One wet Tuesday, they hit me were it really hurt. In answer to the usual question I’d proudly announced that I’d passed the half way mark, and confidently predicted my masterpiece would be completed and on my kindle before my next birthday.
‘You’ve been writing the bloody thing for two years already,’ they moaned. ‘Anthony Burgess wrote A Clockwork Orange in just two weeks.’
Damn them, I love that book. I wish I’d written it myself. The title alone is enough to make you want to read it. It was an instant classic and one of my favourites. What can I say, I’m a plodder and always have been, but I’m tenacious: whenever I start something, I keep going until I’ve finished it no matter how long it takes.
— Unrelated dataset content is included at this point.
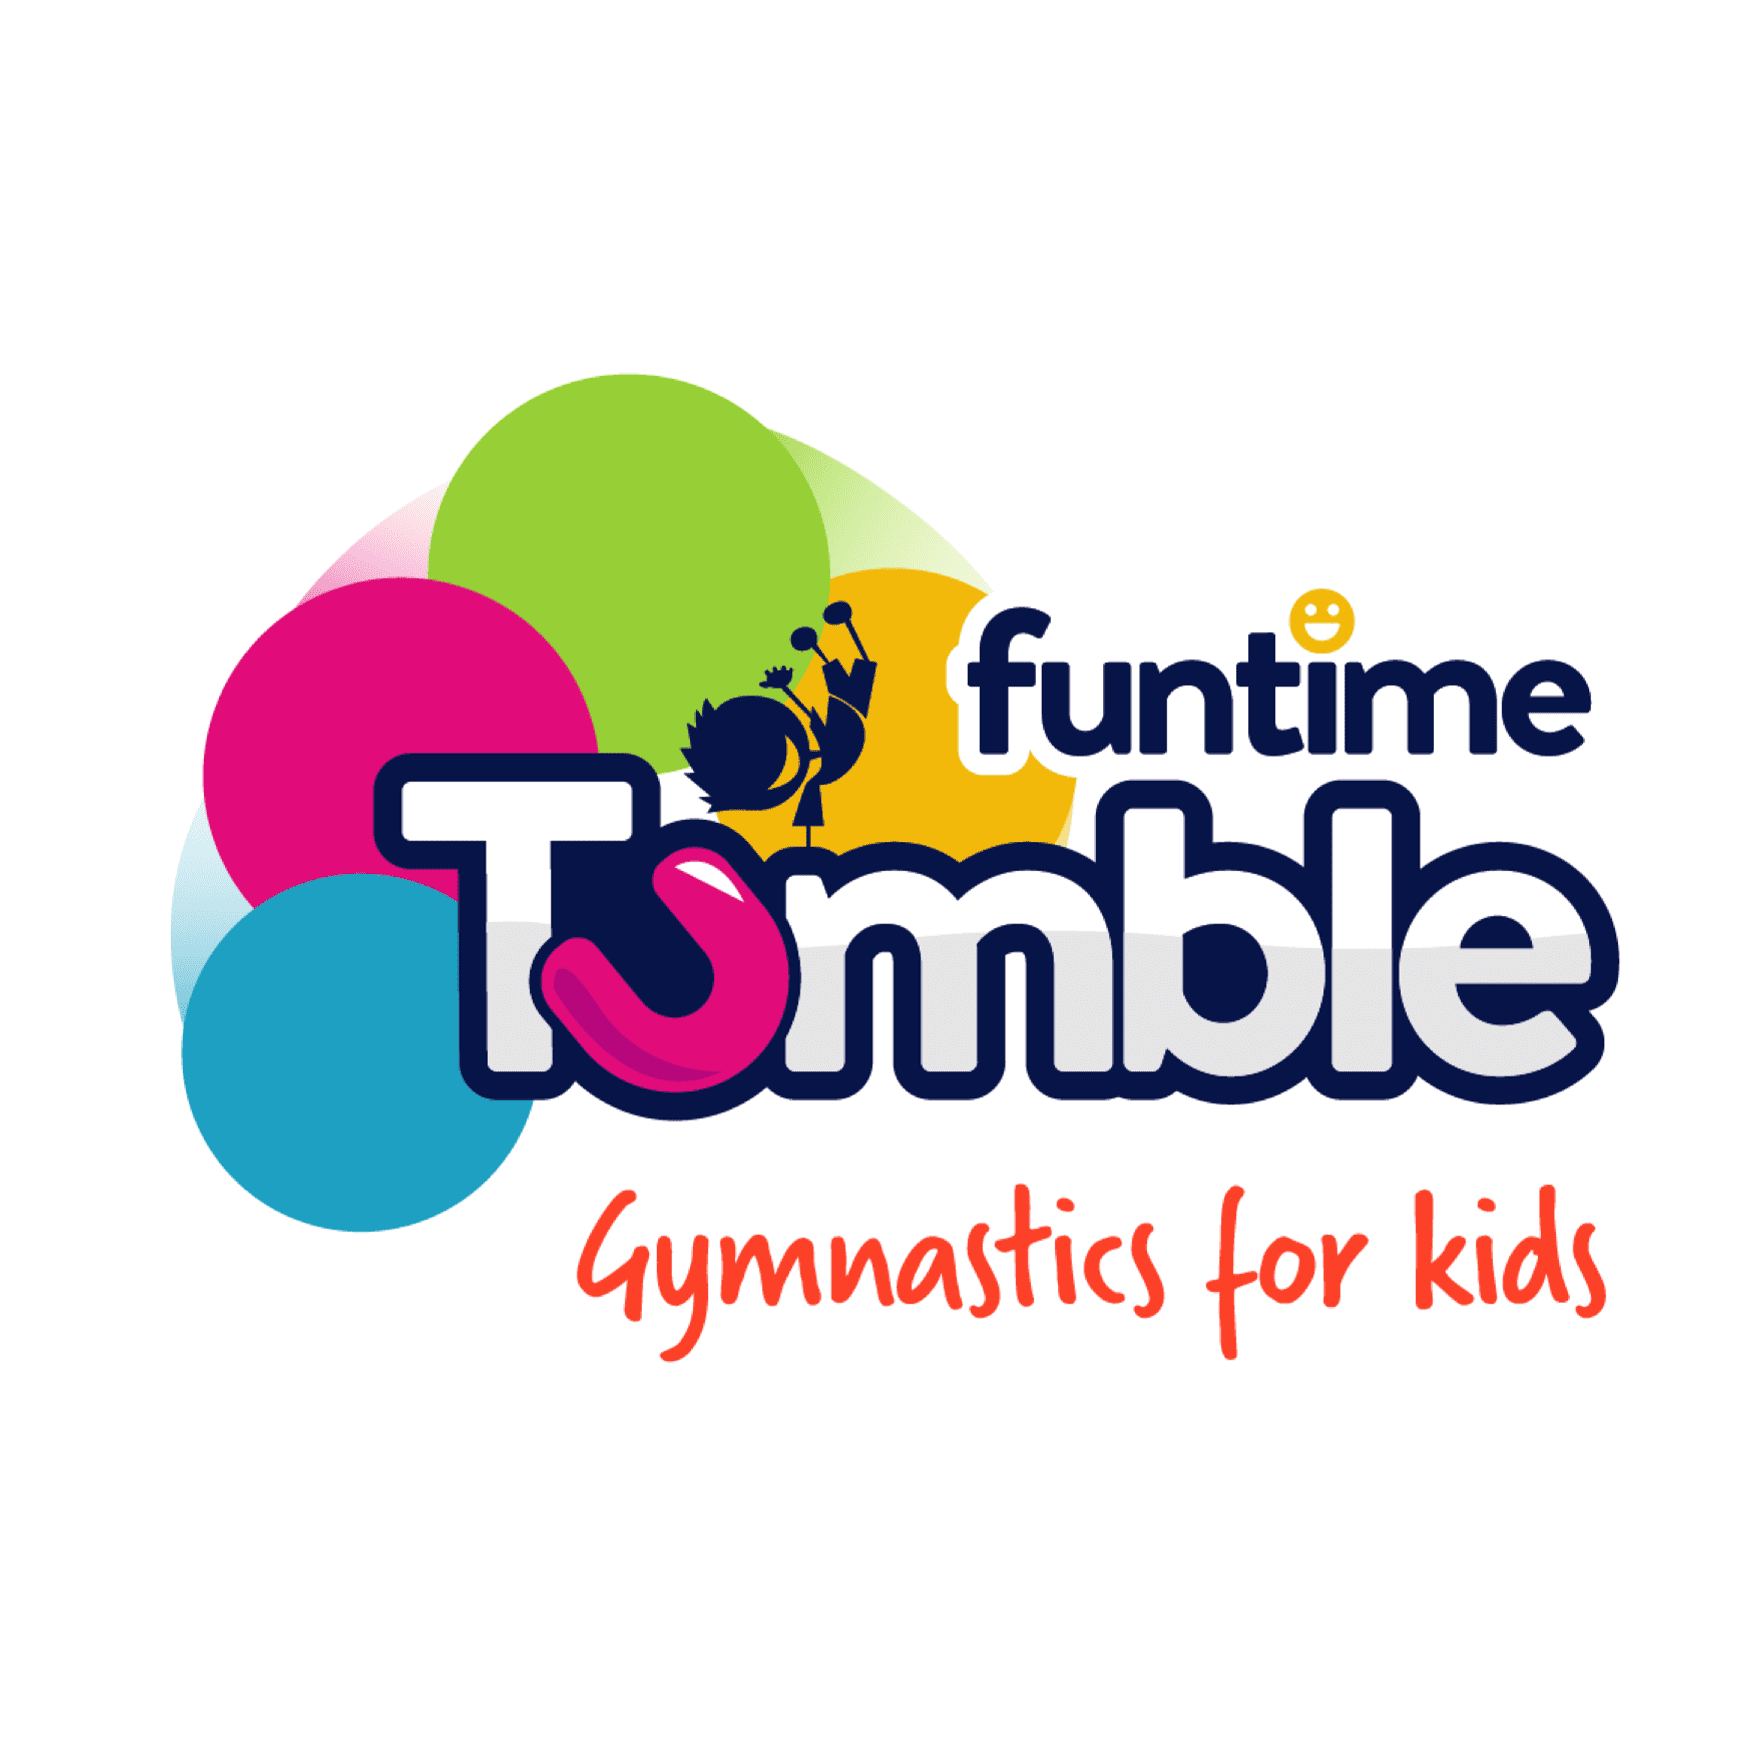 Funtime - Gymnastics for Kids

‘He probably spent some time thinking about it before he started writing it,’ I suggested.
Thankfully they didn’t challenge me on this or ask me how long I’d spent thinking about my novel. In fact it had a long gestation period. It had begun life as a play for radio which the BBC enthused about but didn’t pursue. I shoved it in a drawer for a year or two before getting it out again, and deciding to rework the story into a full length novel. If only I’d known what I was letting myself in for.
Towards the end of March this year, I typed the very last word: number 72,617 to be precise. I’d expected to feel euphoric, and I did for several minutes, but after that I felt bereft. I’d lived with these characters of mine for the best part of two years: controlled their destinies, put words into their mouths. It was like having imaginary friends, and I hadn’t had an imaginary friend since I was ten years old. It was a solitary childhood. OK? The consequence of spending the summer holidays reading books and improving my mind, instead of playing footie on the common with the other lads from my neighbourhood. By the time I got to Secondary School, I was a crap footballer but I had a very large vocabulary.
Sitting in Housmans with Derek and Colum a week or so after completing Back Dated, I waited impatiently for them to put the usual question.
‘Have you finished it yet?’
‘Yes,’ I replied with a smug grin. ‘So, are you going to buy it?
‘Buy it?’ they chorused. ‘We were expecting complimentary copies!’
Mates eh?
Still, you can always rely on the family. They’ll all want to buy a copy . . . won’t they?